Beyin ölümü bitkisel hayattan farklıdır
Beyin ölümü kavramının daha iyi anlatılması gerektiğini belirten Dr. Eyüp Kahveci “Geçen yıl 1.478 beyin ölümü tespit edilmiş ve ailelerin izni ile sadece 345 organ bağışı alınabilmiştir. Bu oran tespit edilen beyin ölümü sayısına göre oldukça düşük kalmaktadır. Bunun için hastanelerin yoğun bakım ünitelerinde meydana gelen beyin ölümlerinin zamanında tespit edilmesi önemlidir. Ardından ölen kişinin ailesinin beyin ölümü ve organ bağışı konusundaki farkındalığı en çok sıkıntı çektiğimiz konulardan bir tanesidir. Sıklıkla bitkisel hayat kavramıyla karıştırılan beyin ölümü, kesindir ve geri dönüşü yoktur. Oysa bitkisel hayatta, yaşam bir şekilde devam etmektedir. Ancak beyin ölümü olursa organ naklinden bahsedilebilir. Dolayısıyla beyin ölümünden organ nakline kadar olan süreçte toplumsal farkındalık için ciddi bir bilgilendirme gereklidir” diyerek toplumun her katmanında, sağlık camiası ve sağlık çalışanları da dahil olmak üzere beyin ölümüyle ve organ nakliyle ilgili bir eğitim seferberliğine ihtiyaç bulunduğunu ifade etti.

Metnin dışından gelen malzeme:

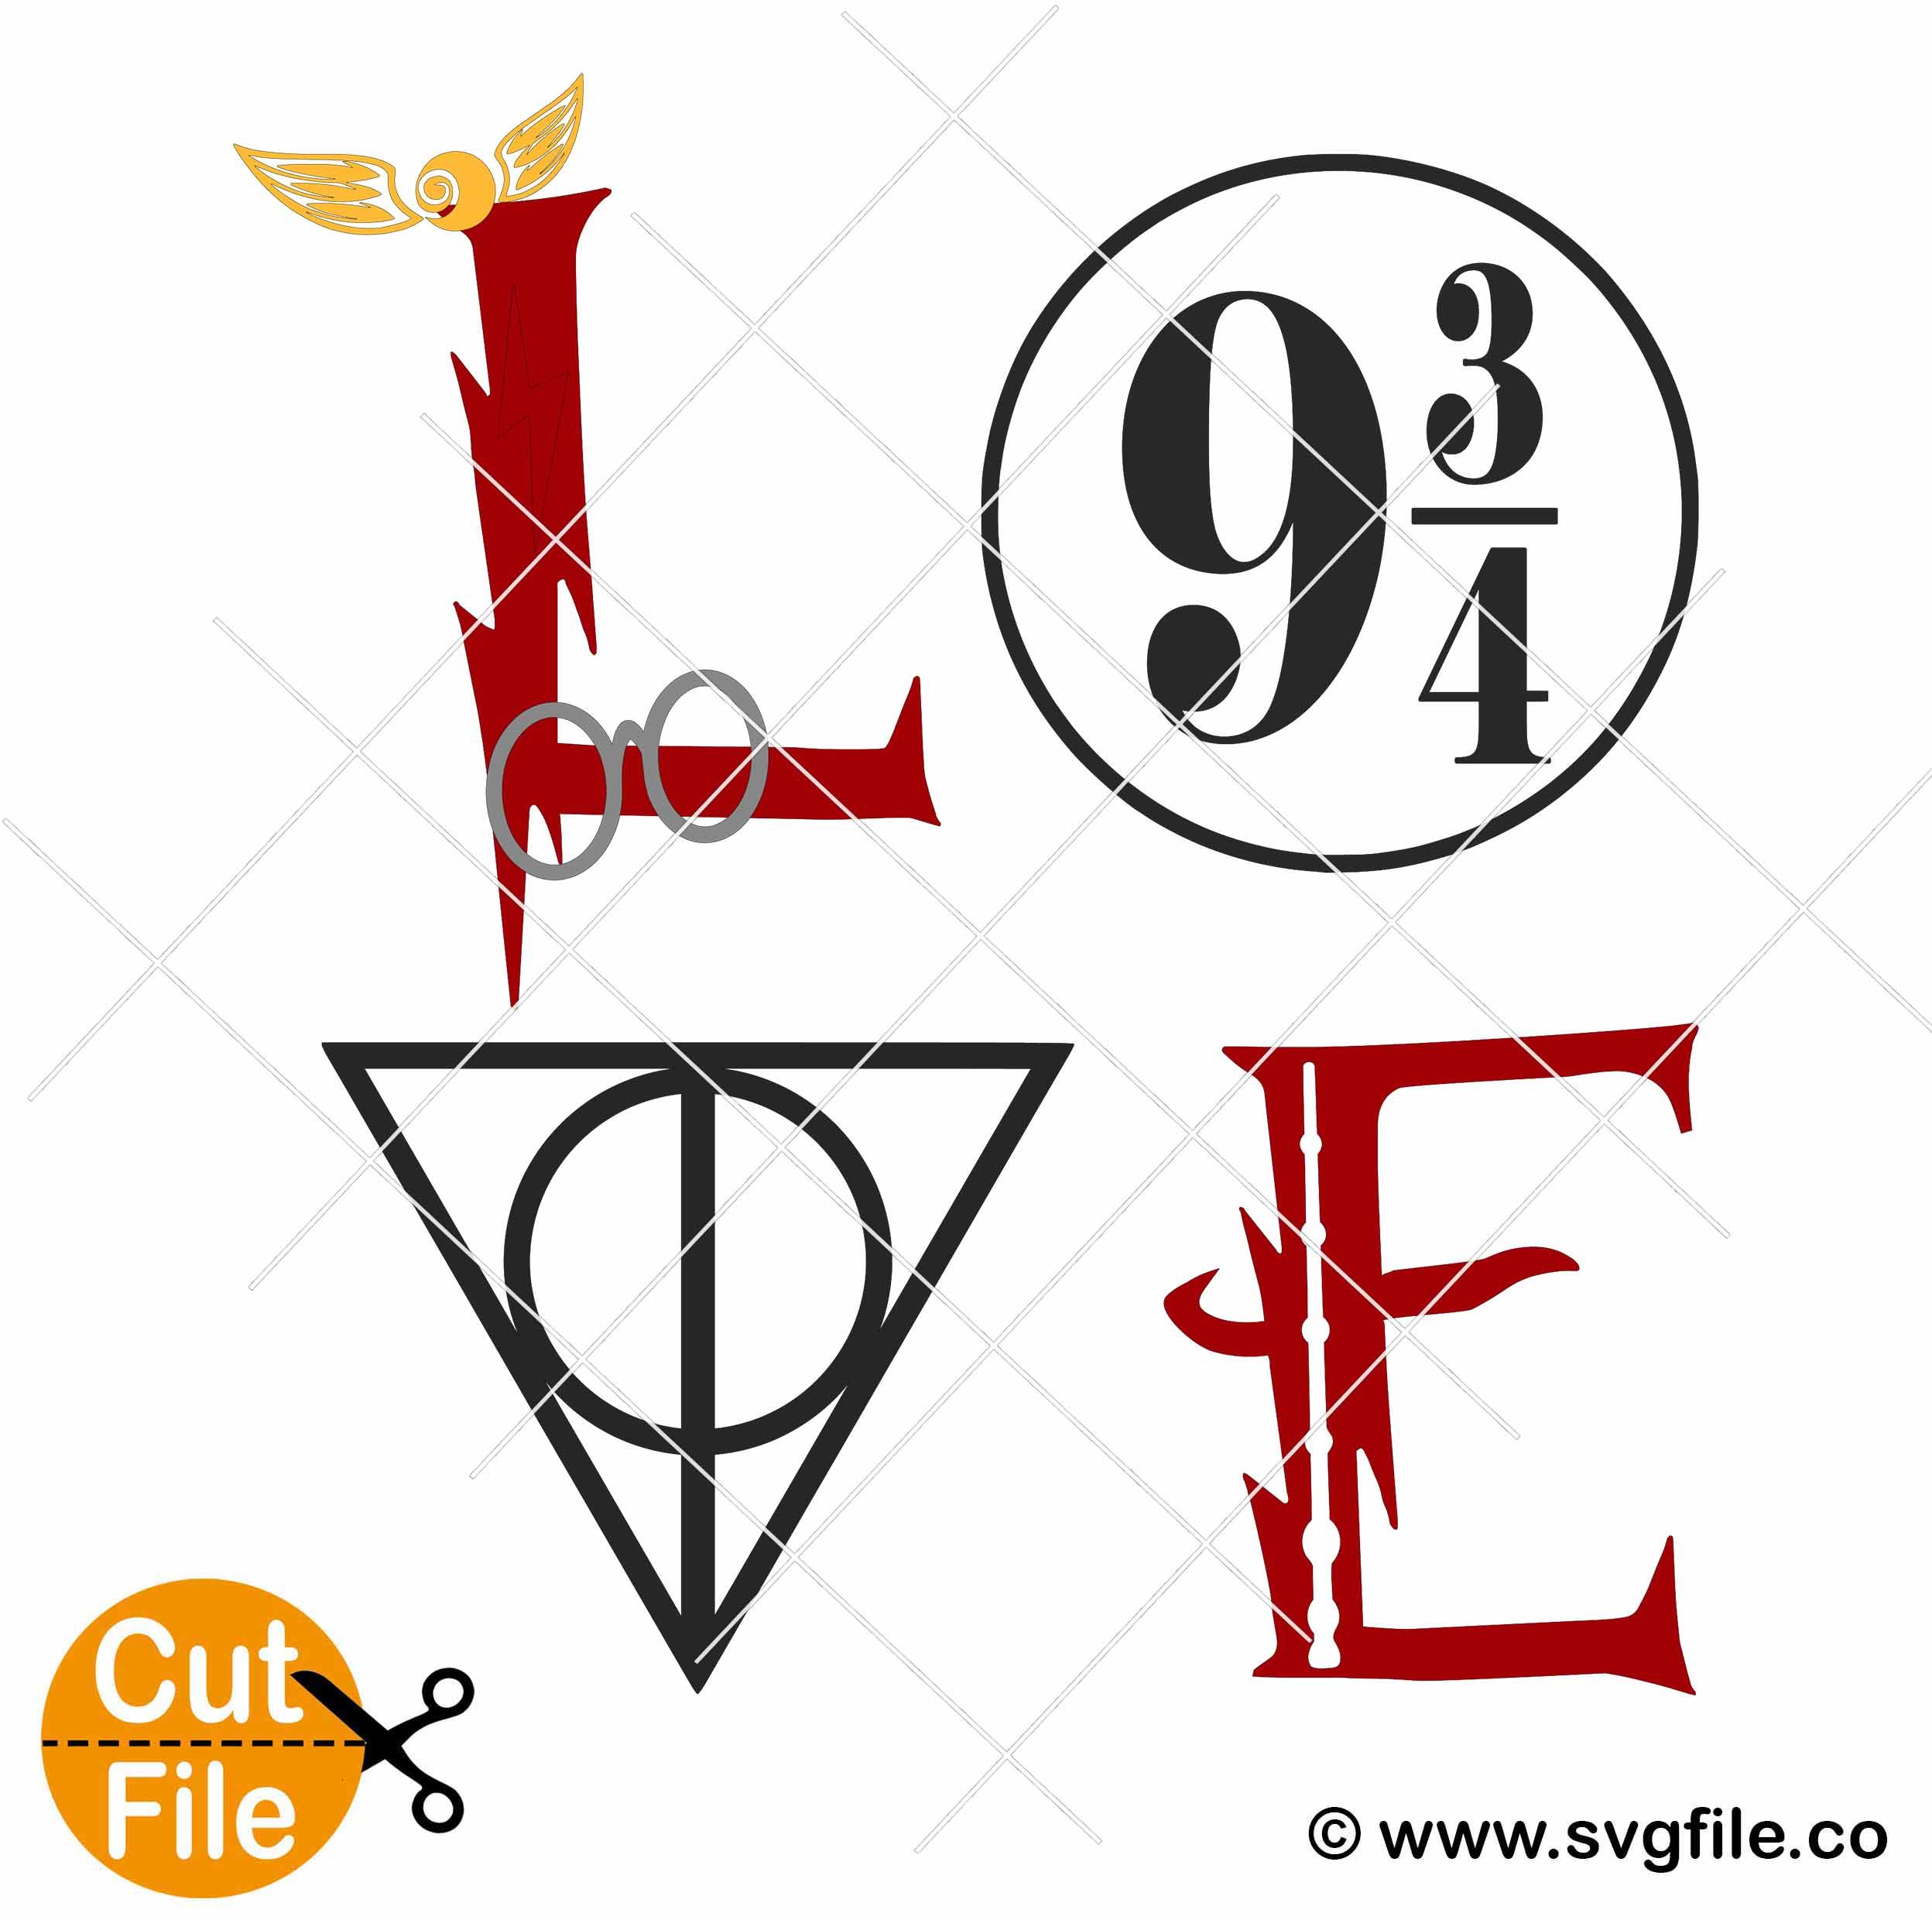 Download Harry Potter Love svg 002 - Svgfile.co - 0.99 Cent SVG ...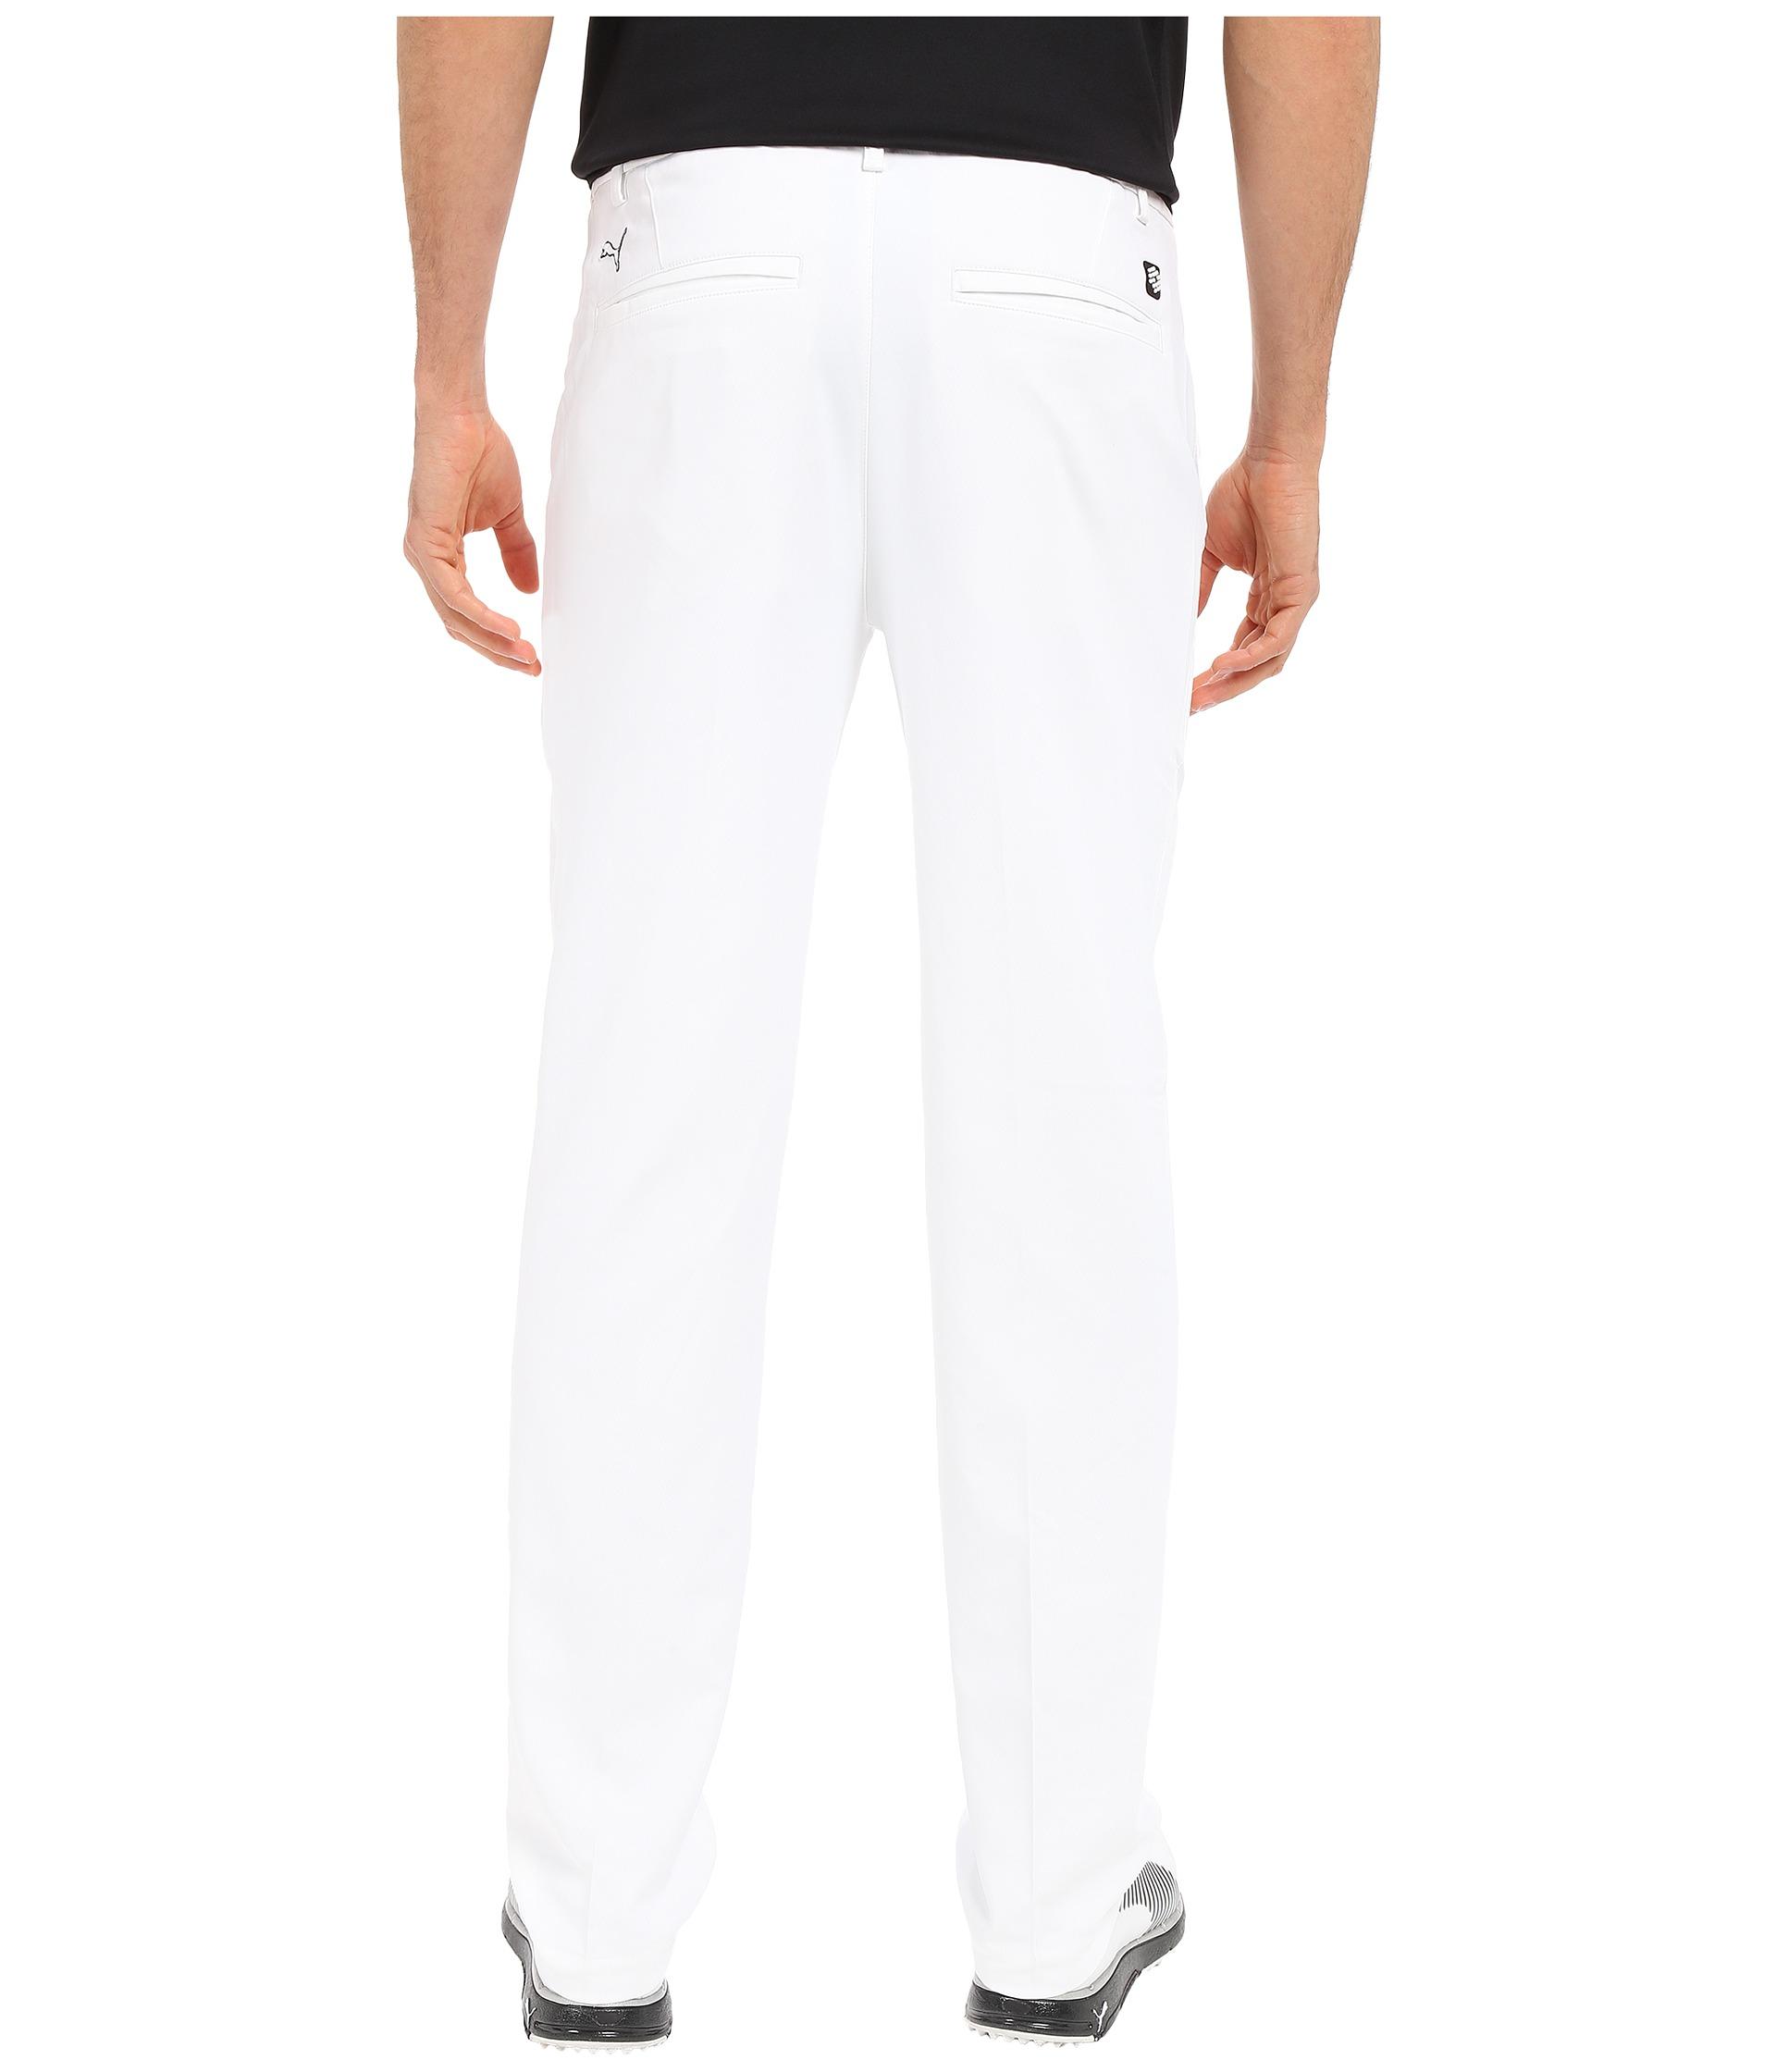 salomon skis de hommeace - Puma Golf Tech Style Pant '16 in White for Men | Lyst

İspanya’da bağış oranı yüzde 85, Türkiye’de yüzde 22
Prof. Dr. Sadık Ersöz ise, ülkemizde organ nakli listelerinde bekleyen on binlerce hastaya yaşama şansı verebilmek için ölüden, yani kadavradan nakil oranlarının artırılması gerektiğini söyledi. Ülkemizde ölüden temin edilebilecek organ kaynakları açısından, oldukça yaygın bir yoğun bakım hizmet ağına sahip olmamıza rağmen yeterli sayıda potansiyel organ vericisine ulaşamadığımızı ifade eden Prof. Dr. Sadık Ersöz “Ölüden organ temin sistemimiz ne yazık ki AB ortalamasına göre 7-8 kat geriden seyretmektedir. Beyin ölümü tanısı konulmadan ve organların kullanılması için aile ile görüşülmeden kaybedilen her vaka toprağa gömülen sadece bir kayıp değil beraberinde kaybedilen 5-6 hayat demektir. Burada yoğun bakım hekimlerine ve ailelere önemli bir tıbbi ve vicdani sorumluluk düşmektedir. Bu sorumluluk ancak beyin ölümü süreçlerine ilişkin farkındalıkla mümkündür. 2011 yılı sonu itibariyle beyin ölümü tespiti yapılan 1292 vakanın ailesi ile de görüşülmesine rağmen, yalnızca yüzde 26 oranında bir bağış alınmıştır. 2013 itibariyle bu oran yüzde 22 seviyesindedir. 2002 yılında yüzde 70 seviyesinde olan aile bağış oranı son 10 yılda maalesef bu rakamlara inmiştir. Ölüden, yani kadavradan organ temininde dünyada model ülke olan İspanya’da bağış oranı 2011 yılı için yüzde 85’tir, yani ailelerin sadece yüzde 15’i ölen yakınlarının organlarını bağışlamamışlardır. Organ bağışı konusunda, toplumsal farkındalığı artırmak için yanlış algılamalar ve önyargıların düzeltilmesine yönelik ulusal bir kampanyanın yürütülmesi gerekliliği önümüzde durmaktadır” diye konuştu.